→ Activity
Retype exactly what appears below from the line containing "Genova, sanità: al" down to the line containing "Filter Service Kit", keeping both end lines. Do not include pictures.

→ Supplied material
*** Begin section ***

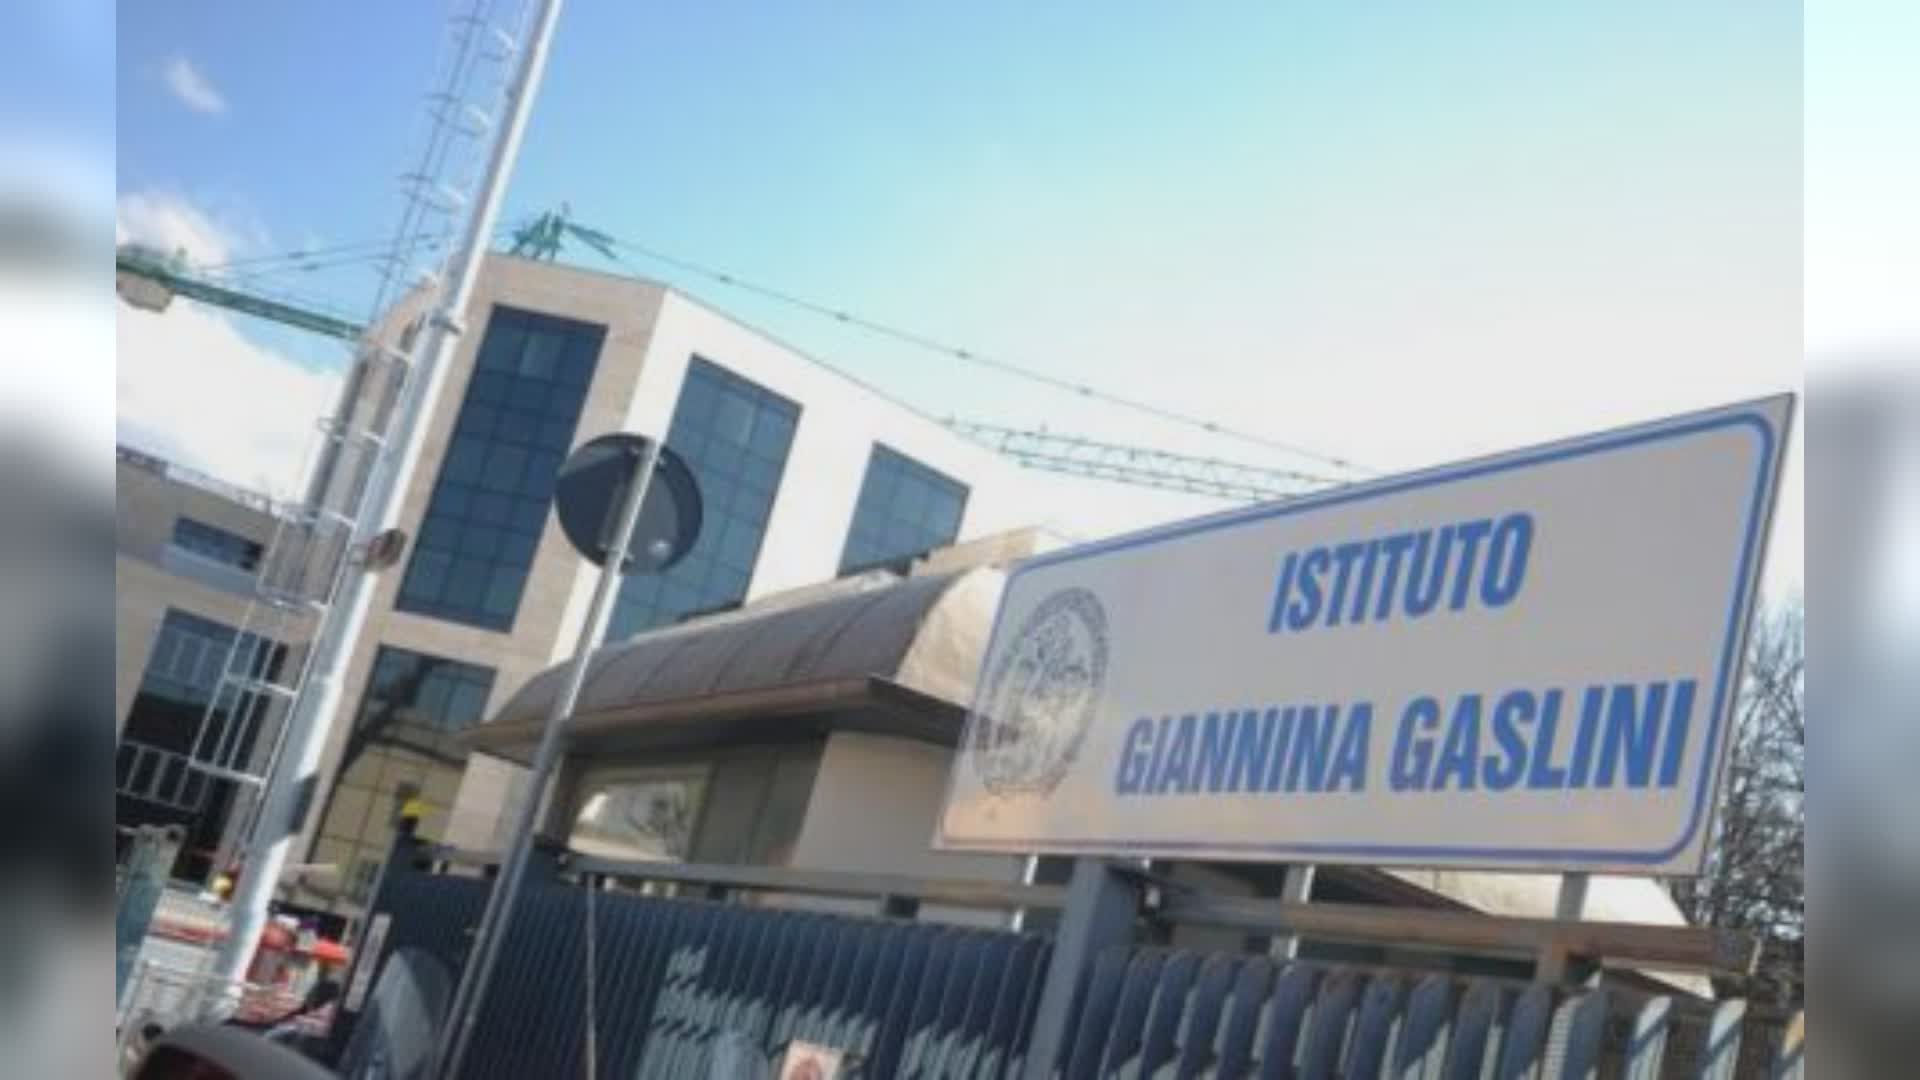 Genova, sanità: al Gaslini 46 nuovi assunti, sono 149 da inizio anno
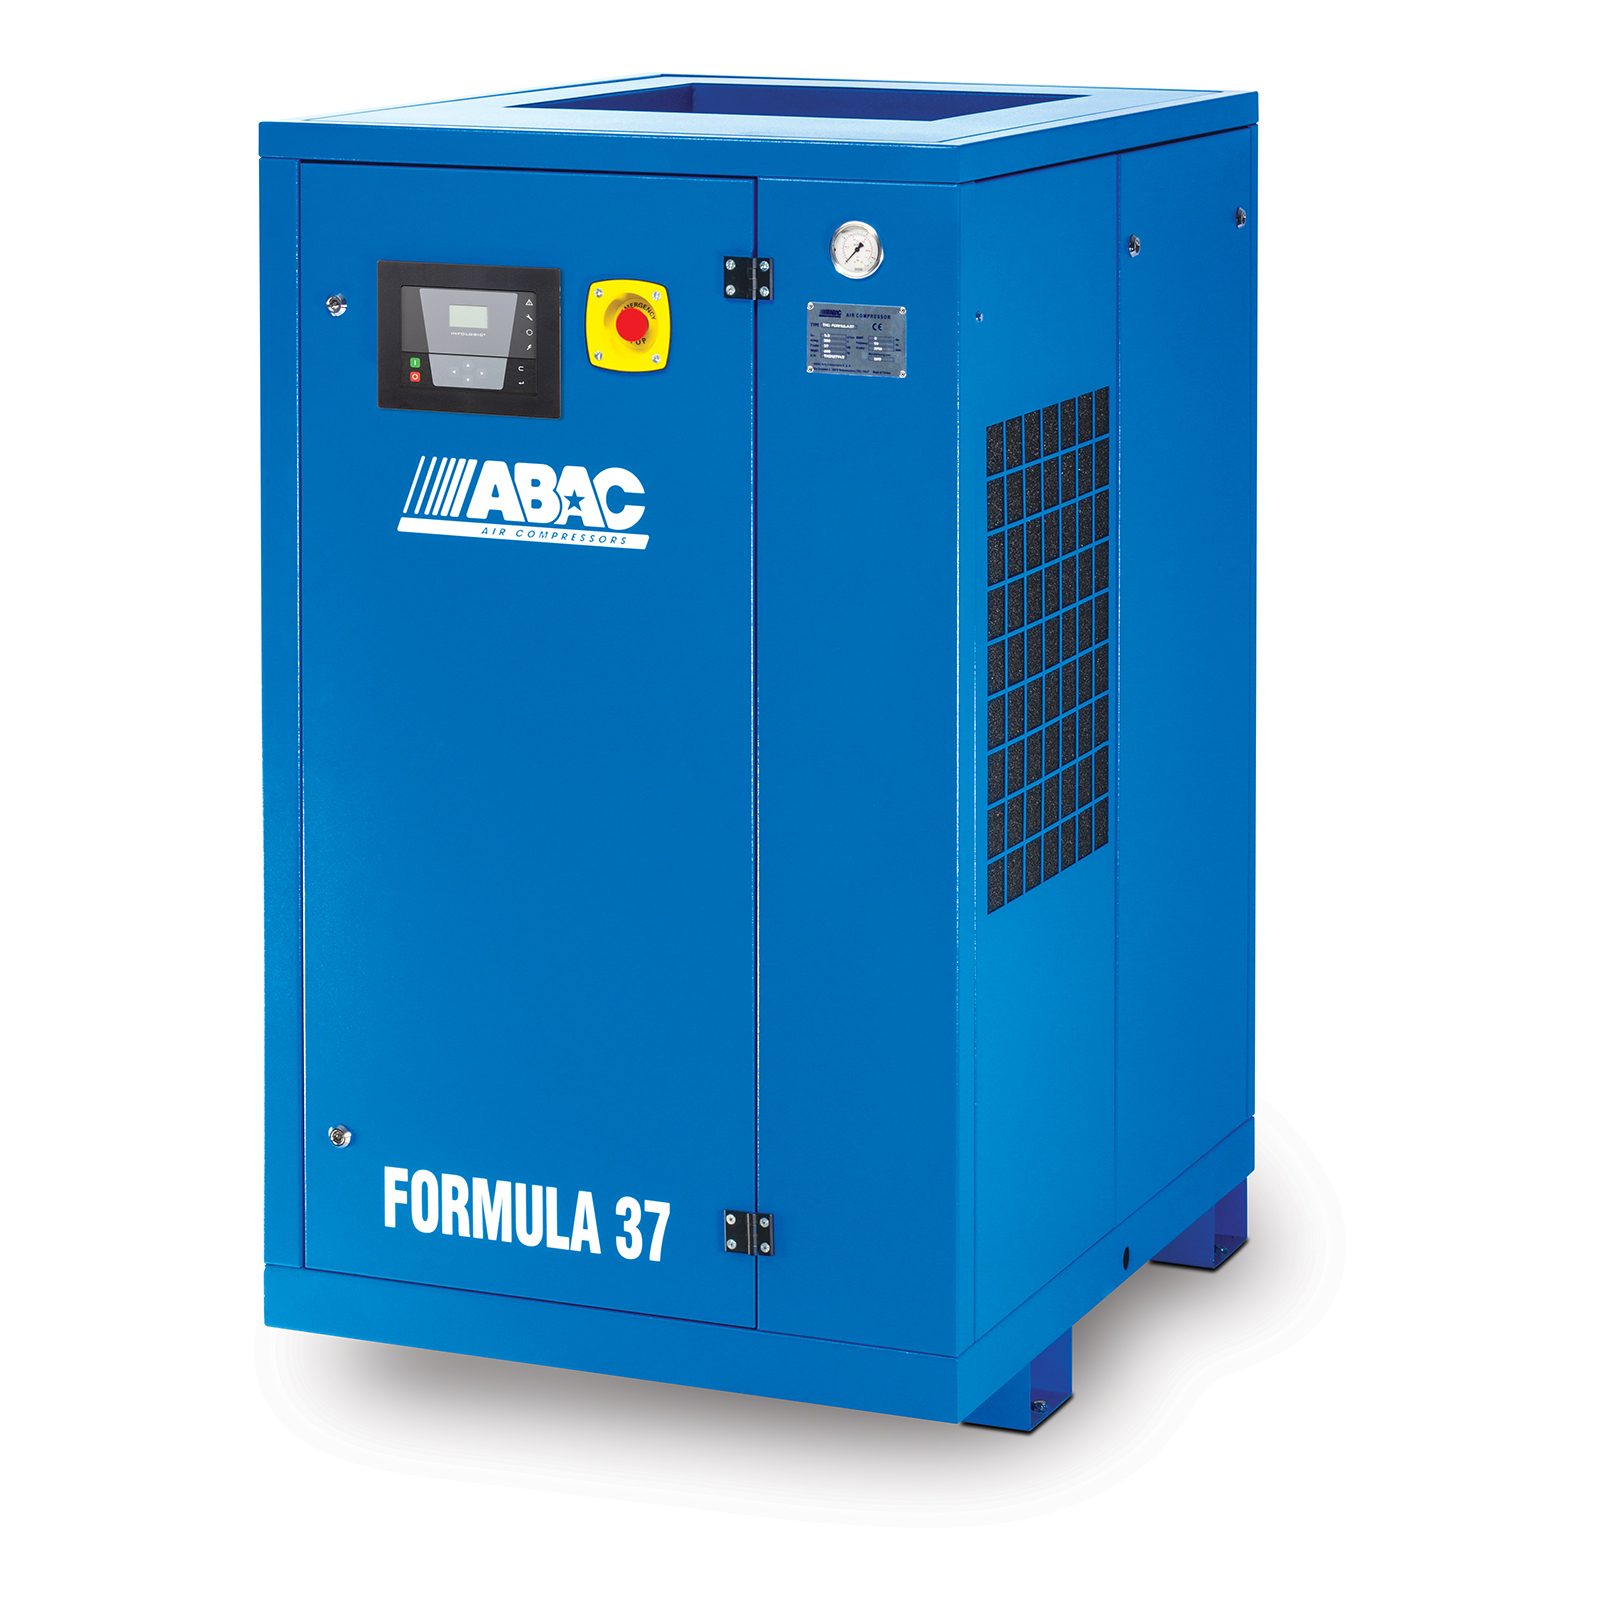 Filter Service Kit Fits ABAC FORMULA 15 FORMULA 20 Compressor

*** End section ***
*** Begin section ***

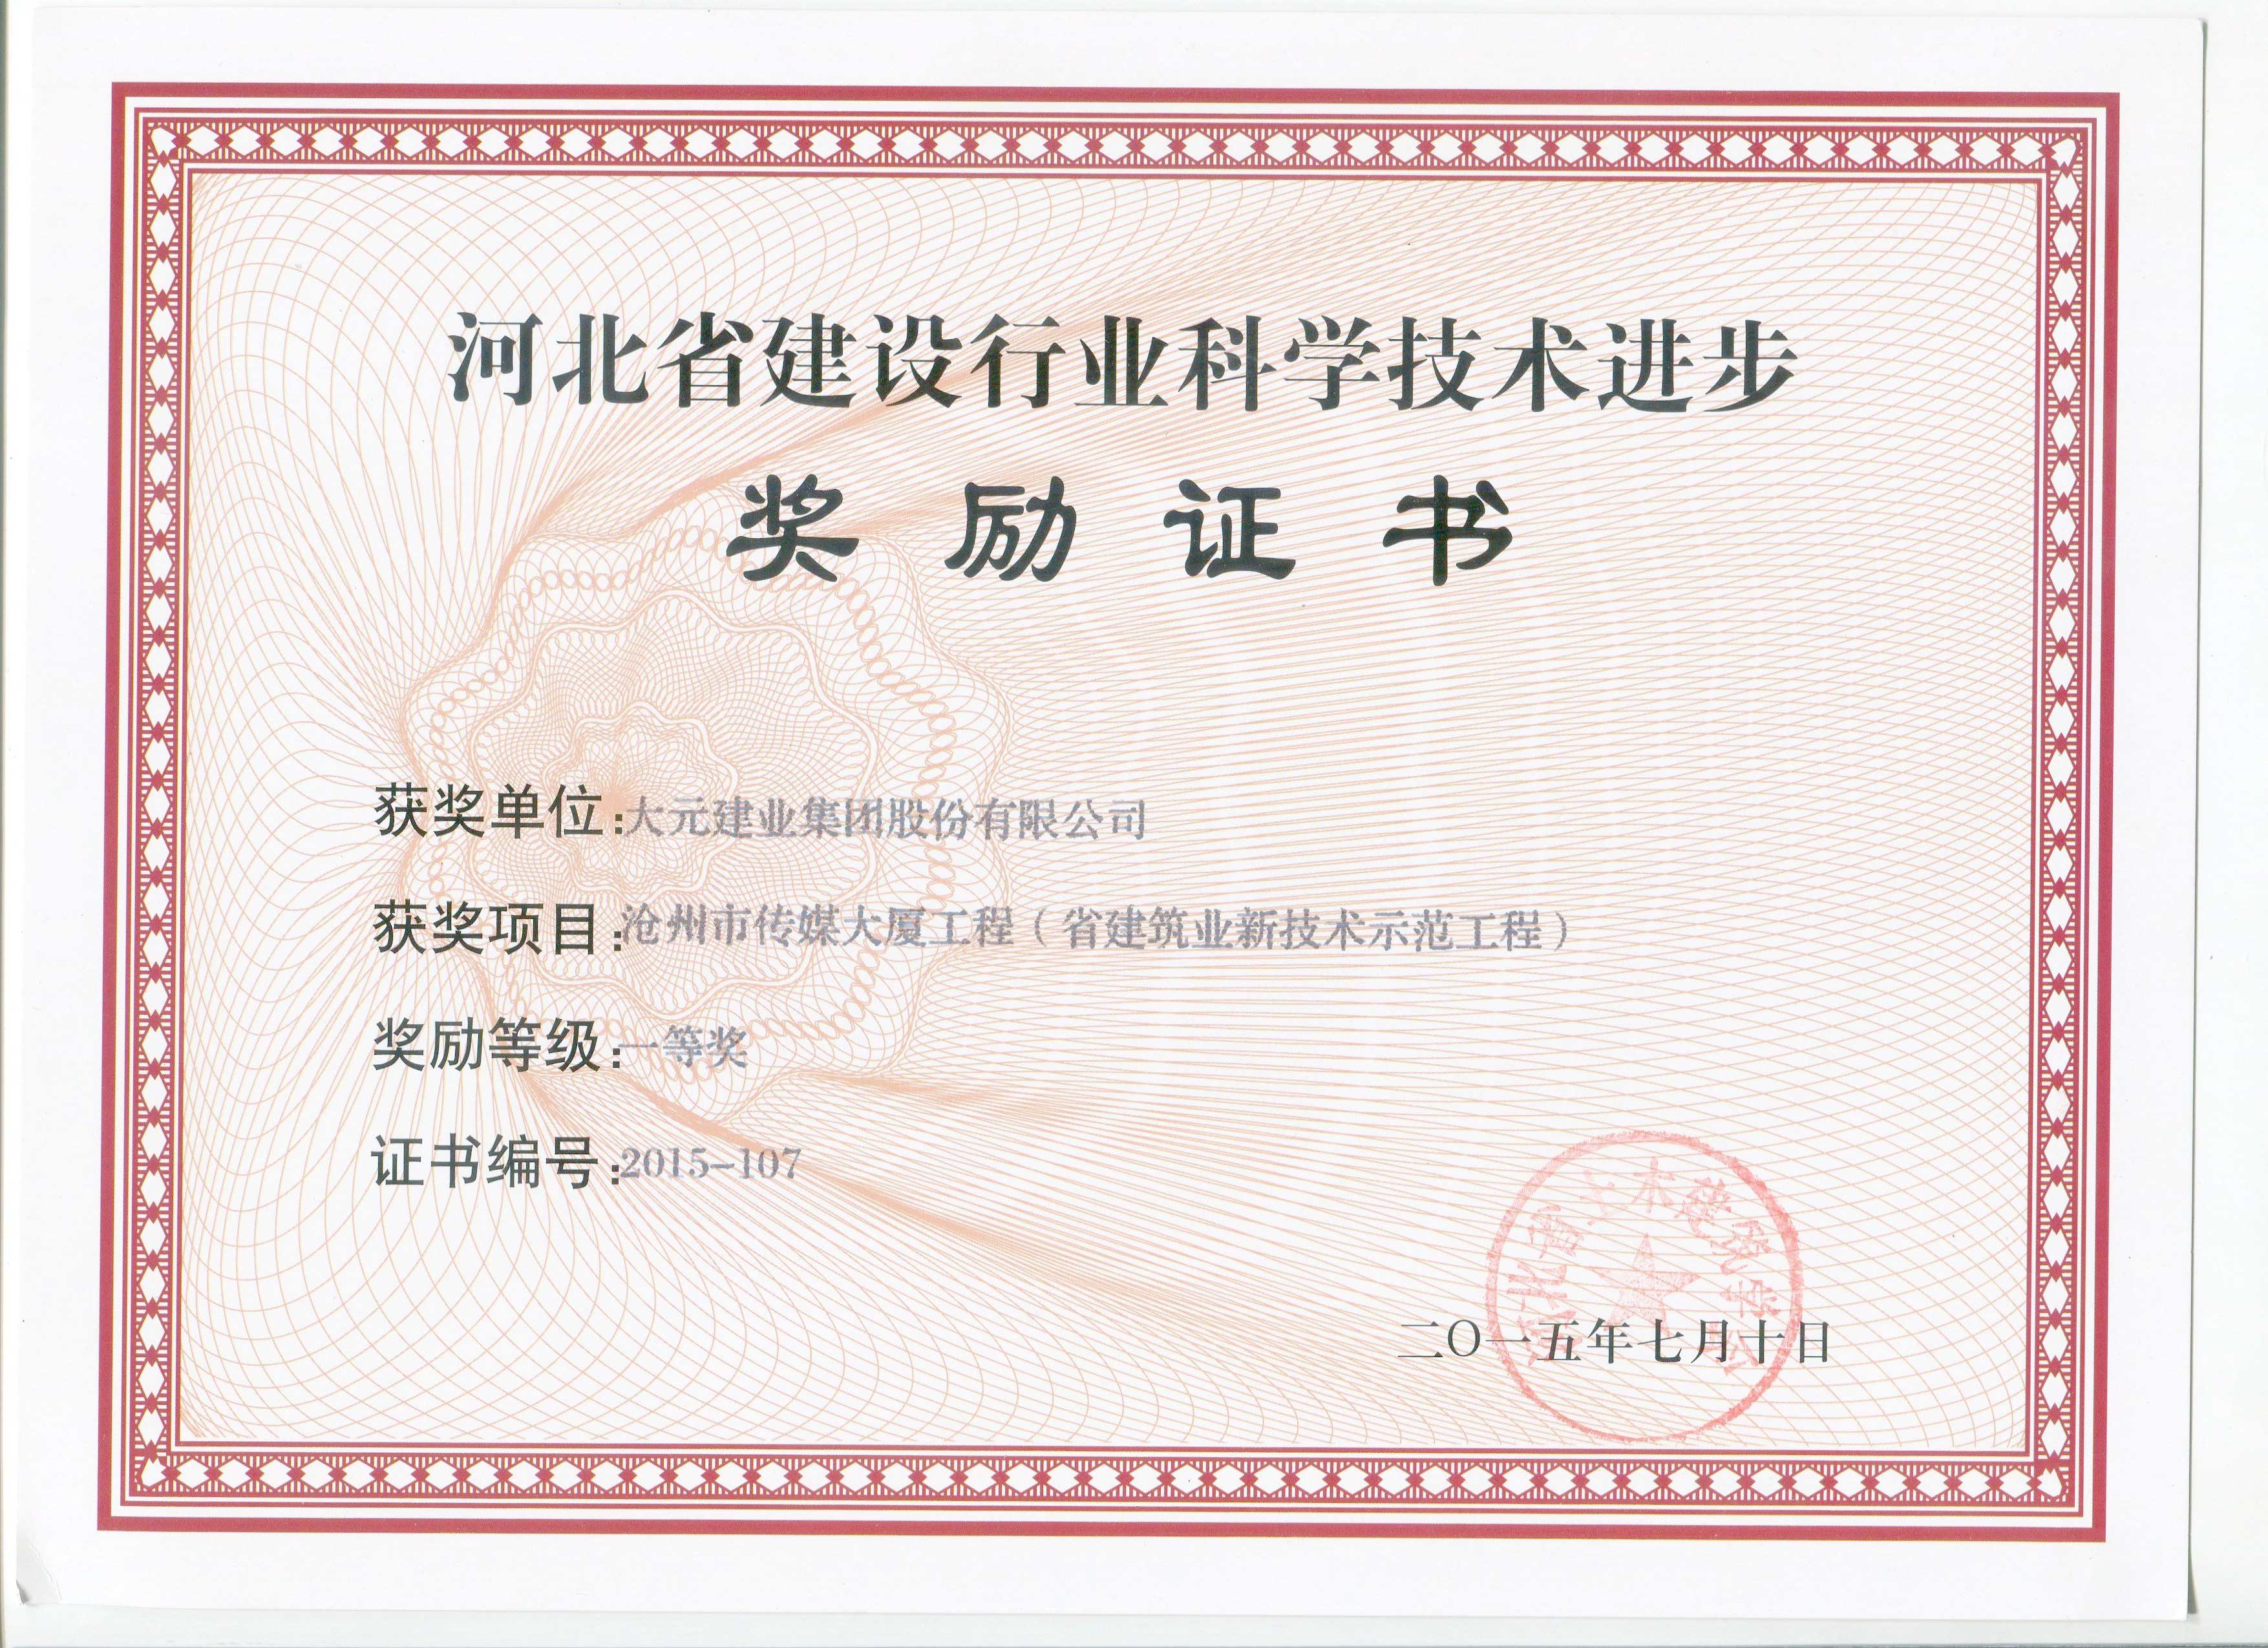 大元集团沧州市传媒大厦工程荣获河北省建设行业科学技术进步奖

*** End section ***

→ Output for this exercise
 Genova, sanità: al Gaslini 46 nuovi assunti, sono 149 da inizio anno
 Filter Service Kit Fits ABAC FORMULA 15 FORMULA 20 Compressor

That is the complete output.